Mike Platania at Richmond BizSense says 350 more apartments are proposed for Scott’s Addition in the old Relay Foods warehouse. Sounds like your classic 5-and-1 with retail on the bottom and five stories of apartments on top. 350 parking spaces for 350 apartments is, in my opinion, way too many—but you knew I was going to say that.

I don’t know what it means, but BizSense’s Michael Schwartz has the news that the federal government wants to “seize dozens of properties in and around Manchester” as a result of Michael Hild’s legal troubles. This does include The Butterbean Market & Cafe, Dogtown Brewing Co., and Hot Diggity Donuts.

Richmond Magazine’s 2019 Parks Guide is out and includes a bunch of useful info if you’re trying to get outside and enjoy the wonderful wilds of Richmond. To highlight two: Here’s their guide to mountain biking trails around the region, and, if bikes aren’t your thing, here’s a look at some trails for feet.

This morning’s longread

‘Someone’s Gotta Tell the Freakin’ Truth’: Jerry Falwell’s Aides Break Their Silence

Here’s a fascinating longread in Politico about shady financial/real estate shenanigans going on at Liberty University.
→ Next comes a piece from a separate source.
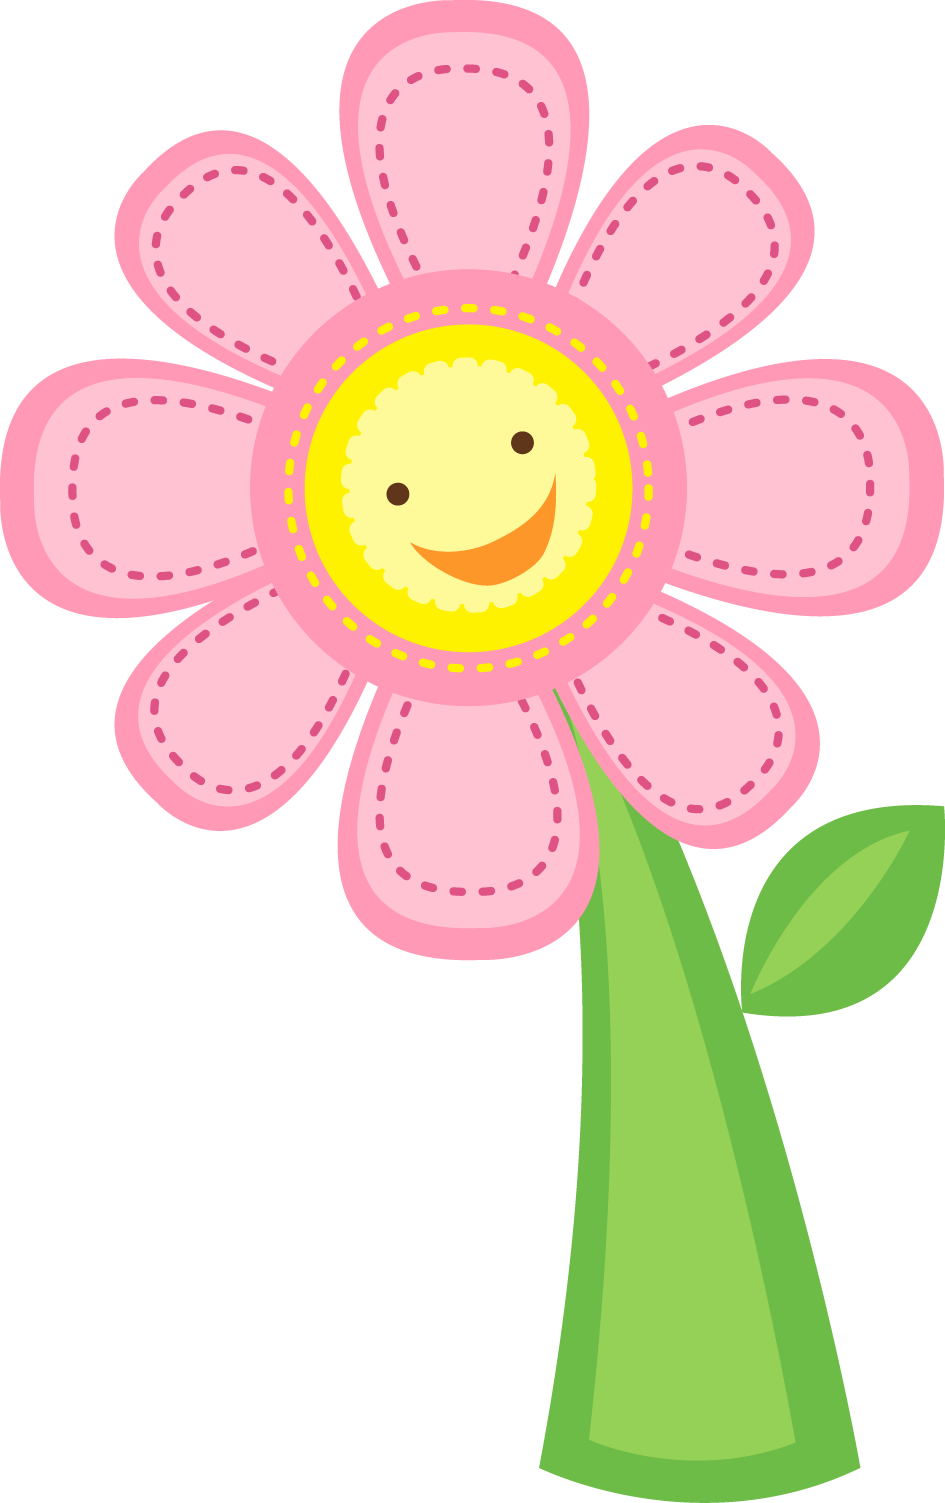 Flowers clipart smile. Pin by marina on

In interviews over the past eight months, they depicted how Falwell and his wife, Becki, consolidated power at Liberty University and how Falwell presides over a culture of self-dealing, directing university resources into projects and real estate deals in which his friends and family have stood to make personal financial gains. Among the previously unreported revelations are Falwell’s decision to hire his son Trey’s company to manage a shopping center owned by the university, Falwell’s advocacy for loans given by the university to his friends, and Falwell’s awarding university contracts to businesses owned by his friends. “We’re not a school; we’re a real estate hedge fund,” said a senior university official with inside knowledge of Liberty’s finances. “We’re not educating; we’re buying real estate every year and taking students’ money to do it.”